• [DATASET]
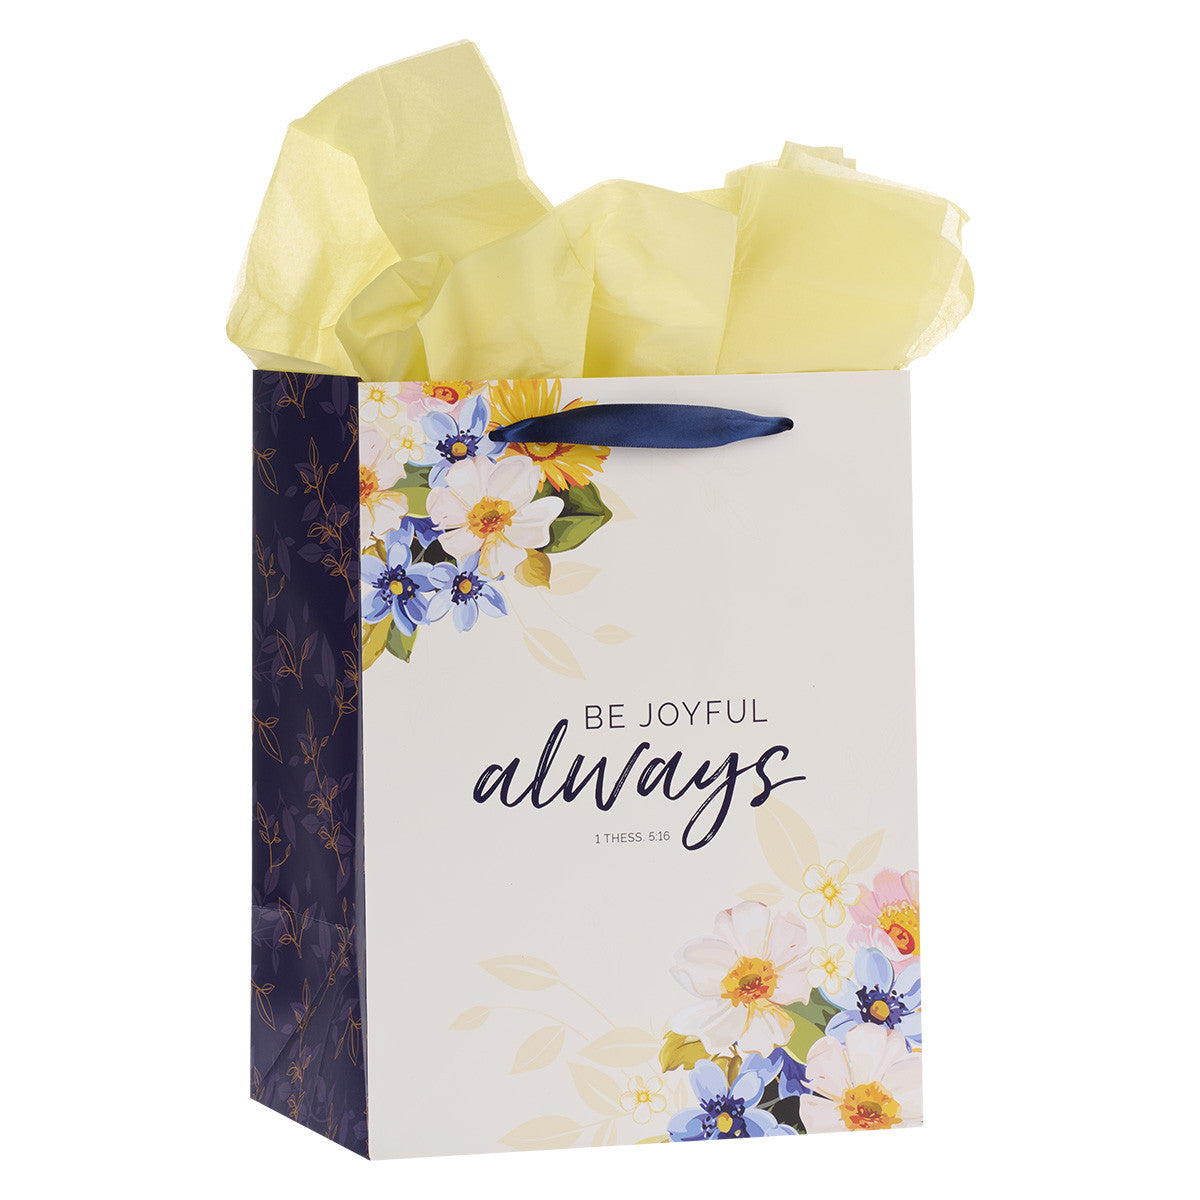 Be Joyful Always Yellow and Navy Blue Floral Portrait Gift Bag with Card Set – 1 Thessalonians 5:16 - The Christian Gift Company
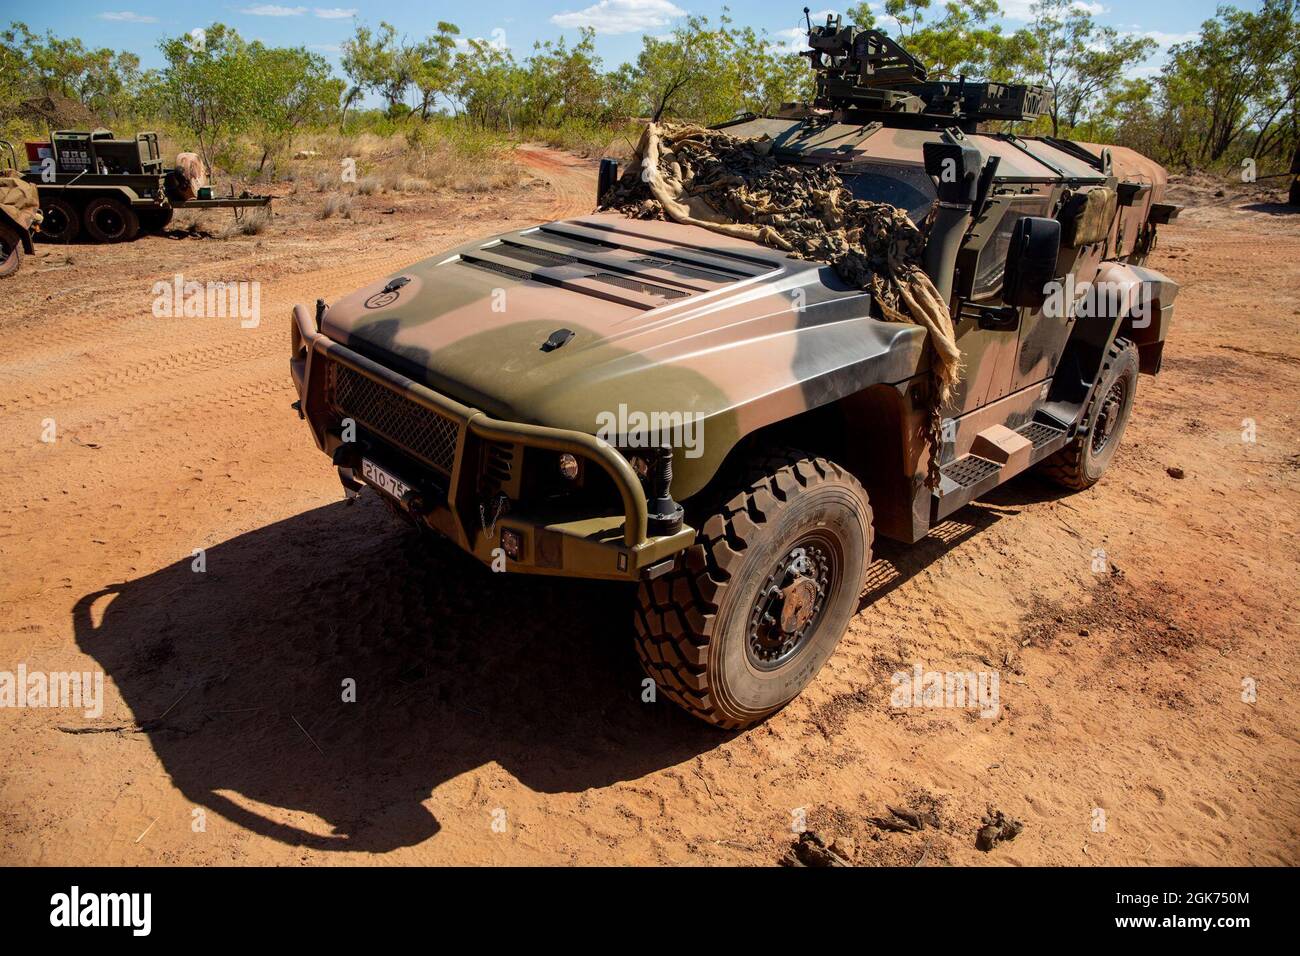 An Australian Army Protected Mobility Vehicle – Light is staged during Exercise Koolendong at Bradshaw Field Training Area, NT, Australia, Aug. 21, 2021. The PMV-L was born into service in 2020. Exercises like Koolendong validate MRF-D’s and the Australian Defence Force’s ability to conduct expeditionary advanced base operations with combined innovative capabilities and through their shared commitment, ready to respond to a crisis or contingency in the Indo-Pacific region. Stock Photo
--
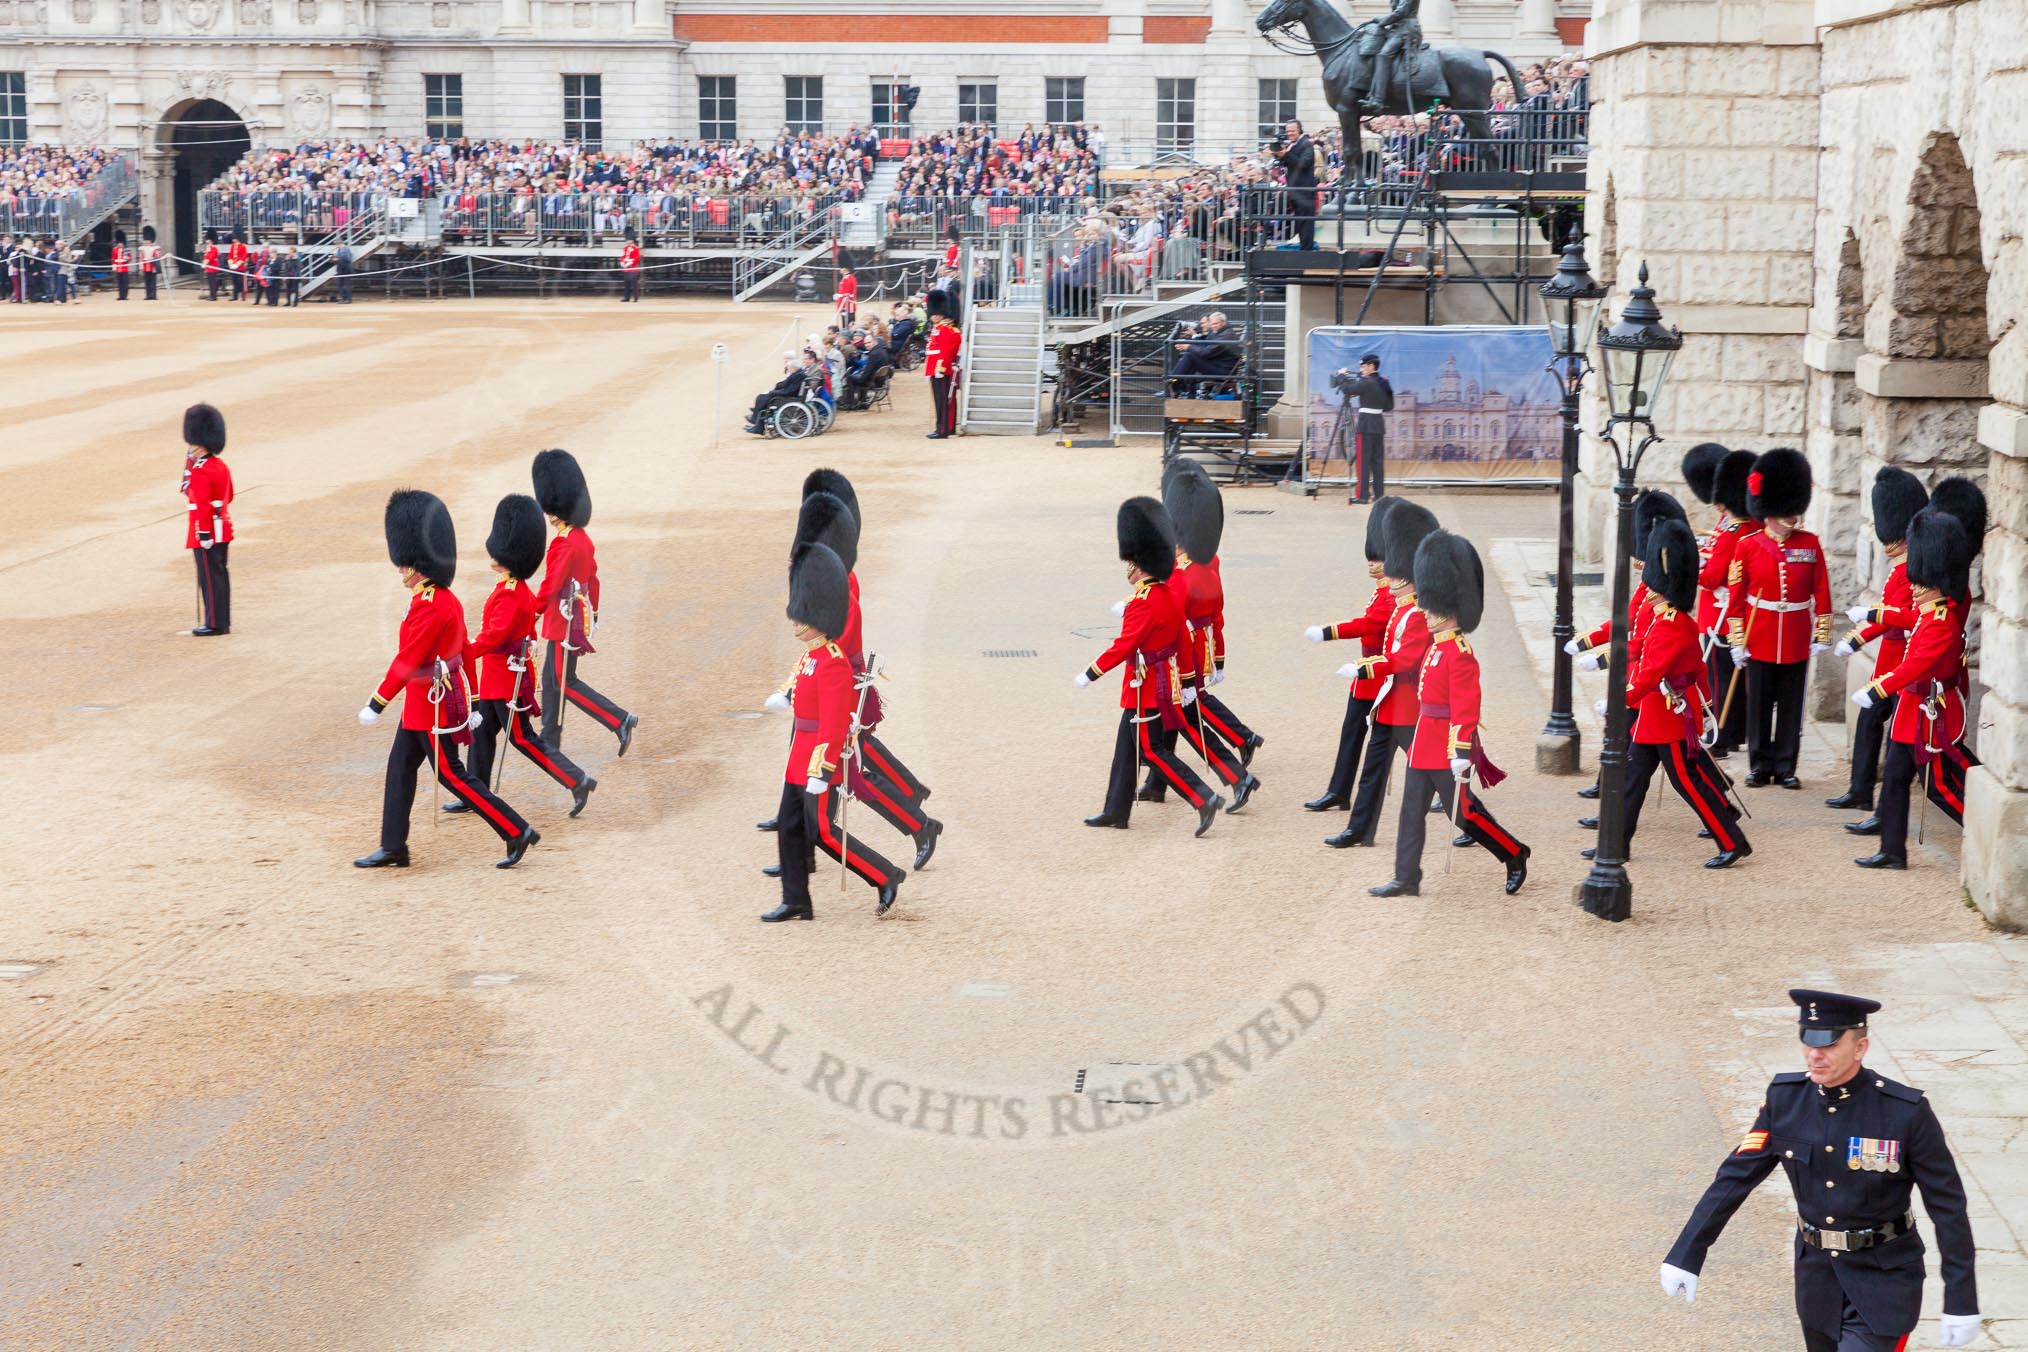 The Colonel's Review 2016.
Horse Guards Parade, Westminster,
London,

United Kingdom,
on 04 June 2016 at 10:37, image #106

• [WORK INSTRUCTIONS]
Extract the part of the records that opens with the line containing "Be Joyful Always" and closes with the line containing "An Australian Army". Take only those lines, exactly, and no pictures.

• [SOLUTION]
 Be Joyful Always Yellow and Navy Blue Floral Portrait Gift Bag with Card Set – 1 Thessalonians 5:16 - The Christian Gift Company
 An Australian Army Protected Mobility Vehicle – Light is staged during Exercise Koolendong at Bradshaw Field Training Area, NT, Australia, Aug. 21, 2021. The PMV-L was born into service in 2020. Exercises like Koolendong validate MRF-D’s and the Australian Defence Force’s ability to conduct expeditionary advanced base operations with combined innovative capabilities and through their shared commitment, ready to respond to a crisis or contingency in the Indo-Pacific region. Stock Photo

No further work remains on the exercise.